DIMACS Seminar on Math and CS in Biology
Title:
Some combinatorial problems of evolutionary trees
Speaker:
- Dr. Laszlo Szekely
- Eotvos University, Budapest, Hungary
Place:
- Seminar Room 431, CoRE Building,
- Busch Campus, Rutgers University
Time:
- 3:00 PM
- Monday, February 27, 1995
Abstract:
Tree reconstruction based on the parsimony principle led to
the following enumeration problem: what is the average length
of labelled binary trees with a given leaf colouration?

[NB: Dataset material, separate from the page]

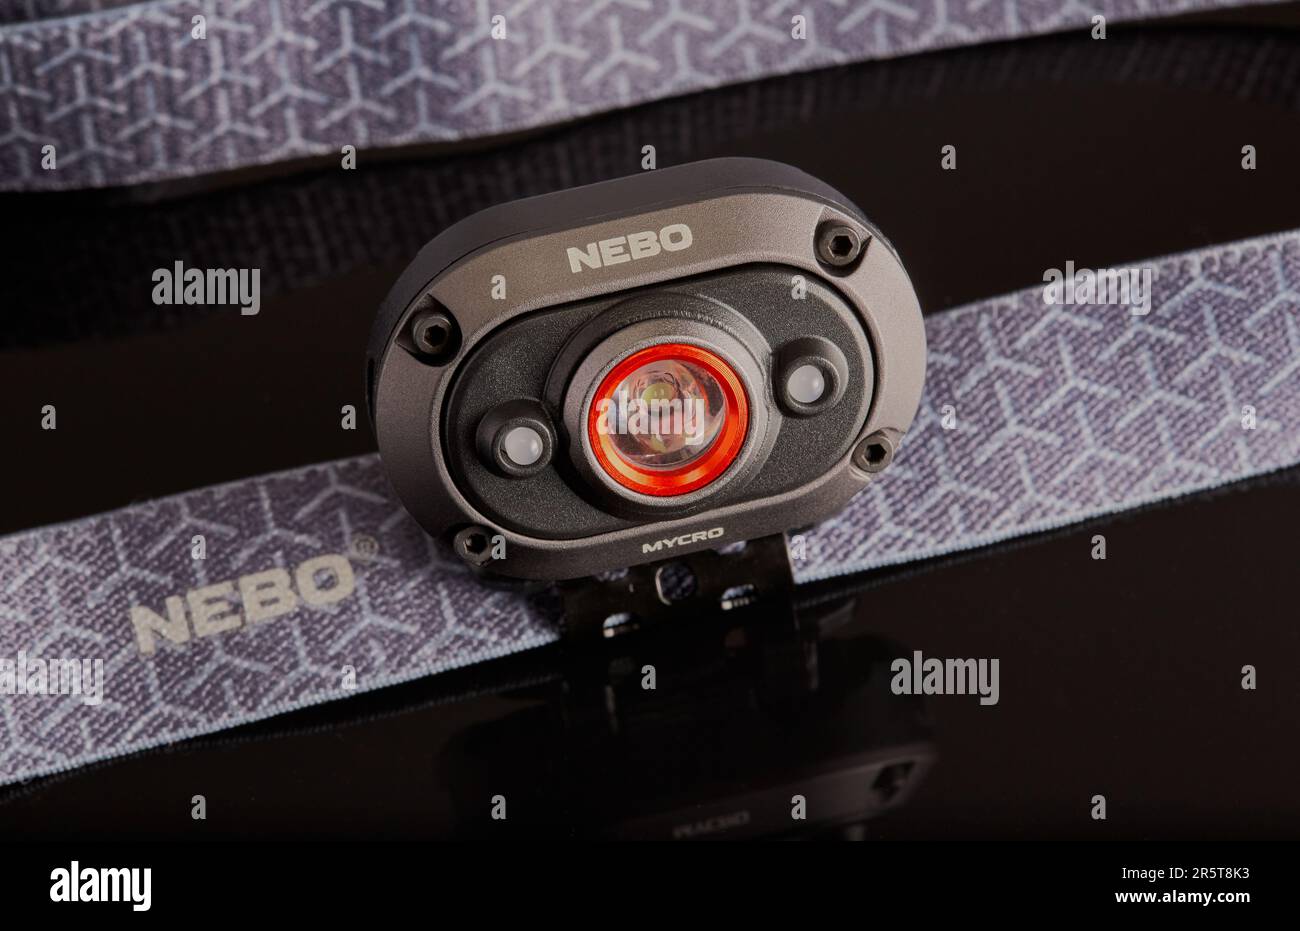 Mansfield,Nottingham,United Kingdom:Studio product image of a Nebo head torch on a black background. Stock Photo

This
problem was answered for 2 colours and is still open in
general. The solution of the general problem seems to require
a better understanding of the length of a tree. One step has
been made in this direction: a min-max theorem for the length
of the leaf-coloured tree. From the point of view of combinatorial
optimization, this is a min-max theorem for a type of multiway
cut problem.
Tree reconstruction under the Kimura-3 model is possible from
the probability distribution of leaf colourations, if the
probability for not changing is big enough on all edges.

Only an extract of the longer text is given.